- Born: Michael George Smith 23 April 1955 Hornchurch, Essex, England
- Died: 1 August 2014 (aged 59) Harefield, Greater London, England
- Occupations: Television and radio presenter; racing driver; pilot; businessman;
- Known for: Television and radio presenter
- Spouse: Sarah Greene ​(m. 1989)​

= Mike Smith (broadcaster) =

English presenter and racing driver (1955–2014)

Michael George Smith (23 April 1955 – 1 August 2014), also known by the on-air nickname of Smitty, was an English television and radio presenter, racing driver and businessman. During the 1980s, he was known for his appearances on BBC1 as a co-host of Breakfast Time and the music show Top of the Pops.

Smith died on 1 August 2014 from complications of heart failure following major heart surgery.

==Early life==
Smith was born in Hornchurch, Essex. He attended Ballyholme Primary School in Bangor, Northern Ireland during the early 1960s due to his father being relocated to Belfast by his employer, the Ford Motor Company.

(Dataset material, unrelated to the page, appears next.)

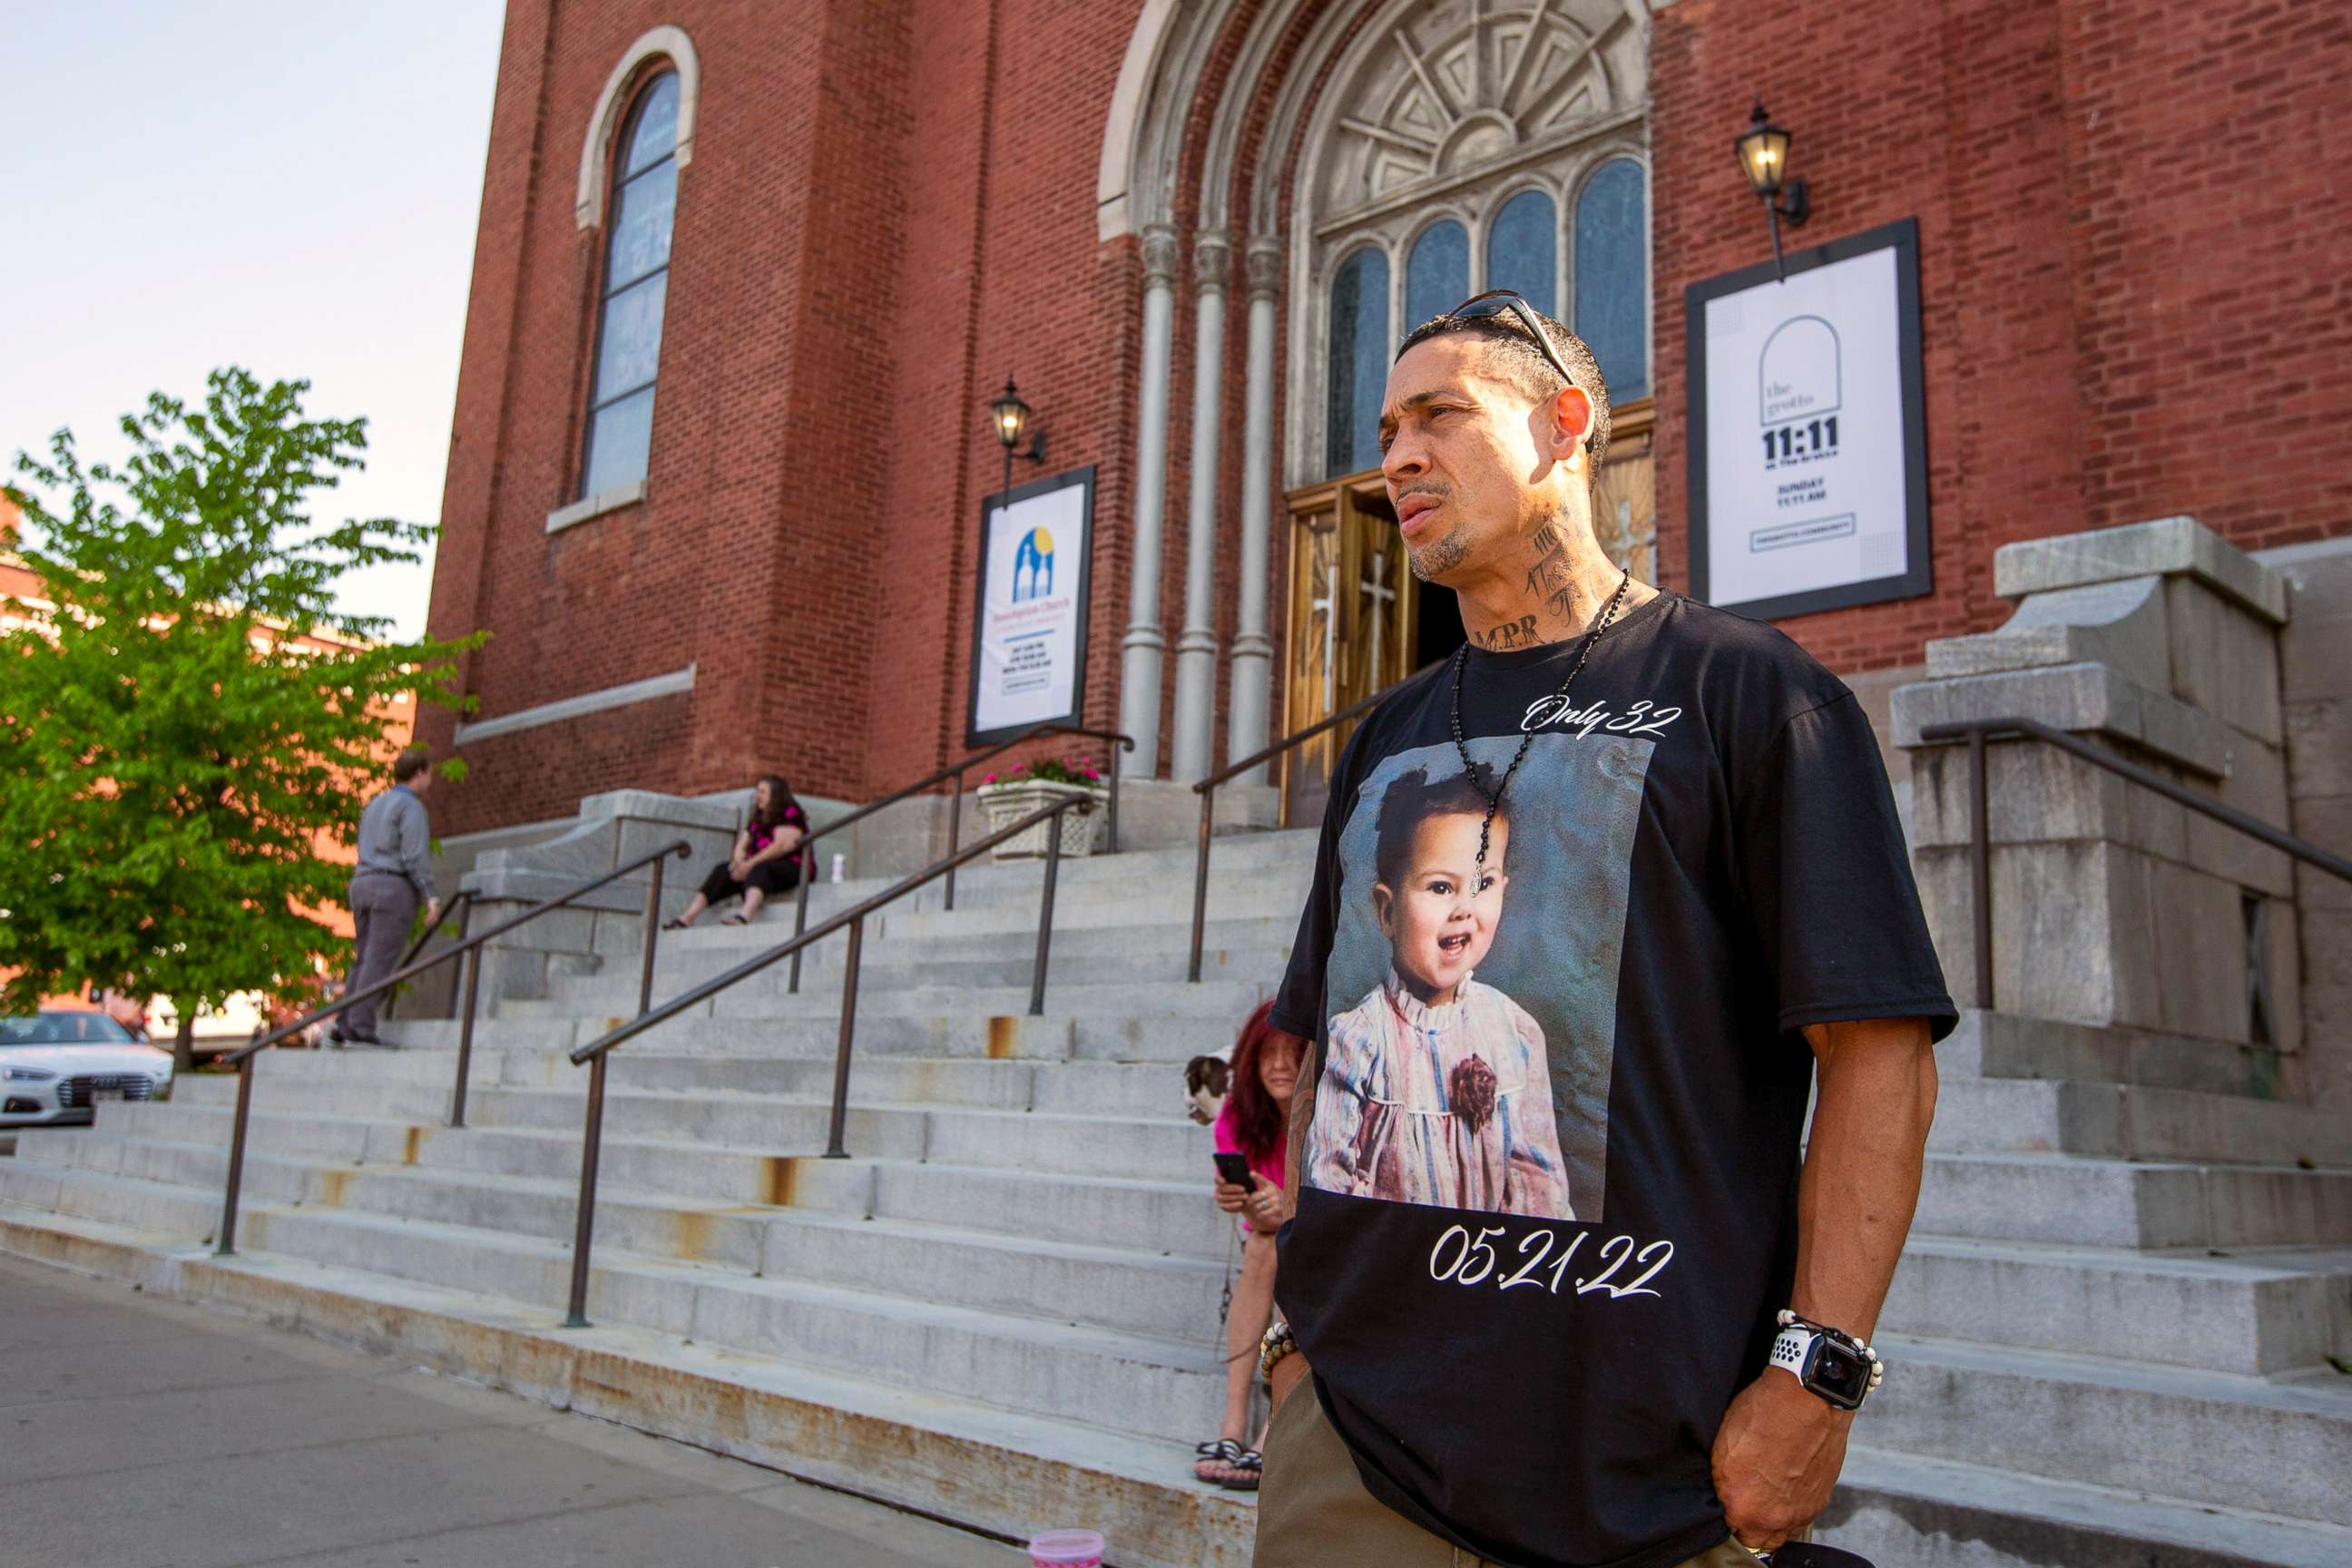 PHOTO: Enrique Owens, a cousin of Roberta Drury, wears a t-shirt with her photograph on it before her funeral service, May 21, 2022, in Syracuse, N.Y. Drury was one of 10 killed during a mass shooting at a supermarket last week in Buffalo.

Smith's earliest ambition was to be a train driver, however after spending a short period at Bangor Grammar School, Smith attended King Edward VI Grammar School, Chelmsford, where he found he enjoyed being a DJ, first at the school's Friday night sixth form disco. Upon leaving school before taking his A-levels, he failed to get the motor industry job his father had hoped for.

==Radio career==
Smith began his broadcasting career at Chelmsford Hospital radio, before joining BBC Radio 1 in 1975 as a freelance producer and presenter. His work included promotions and production work for the Radio 1 Roadshow, Quiz Kid and most daytime network shows. As a standby DJ, Smith occasionally broadcast when live outside broadcasts failed. He joined London's Capital Radio in June 1978 and presented a variety of shows until July 1980, when he became the breakfast show presenter. He moved back to BBC Radio 1 in 1982, presenting the weekday early show from 6 to 7 am and a Saturday-morning show.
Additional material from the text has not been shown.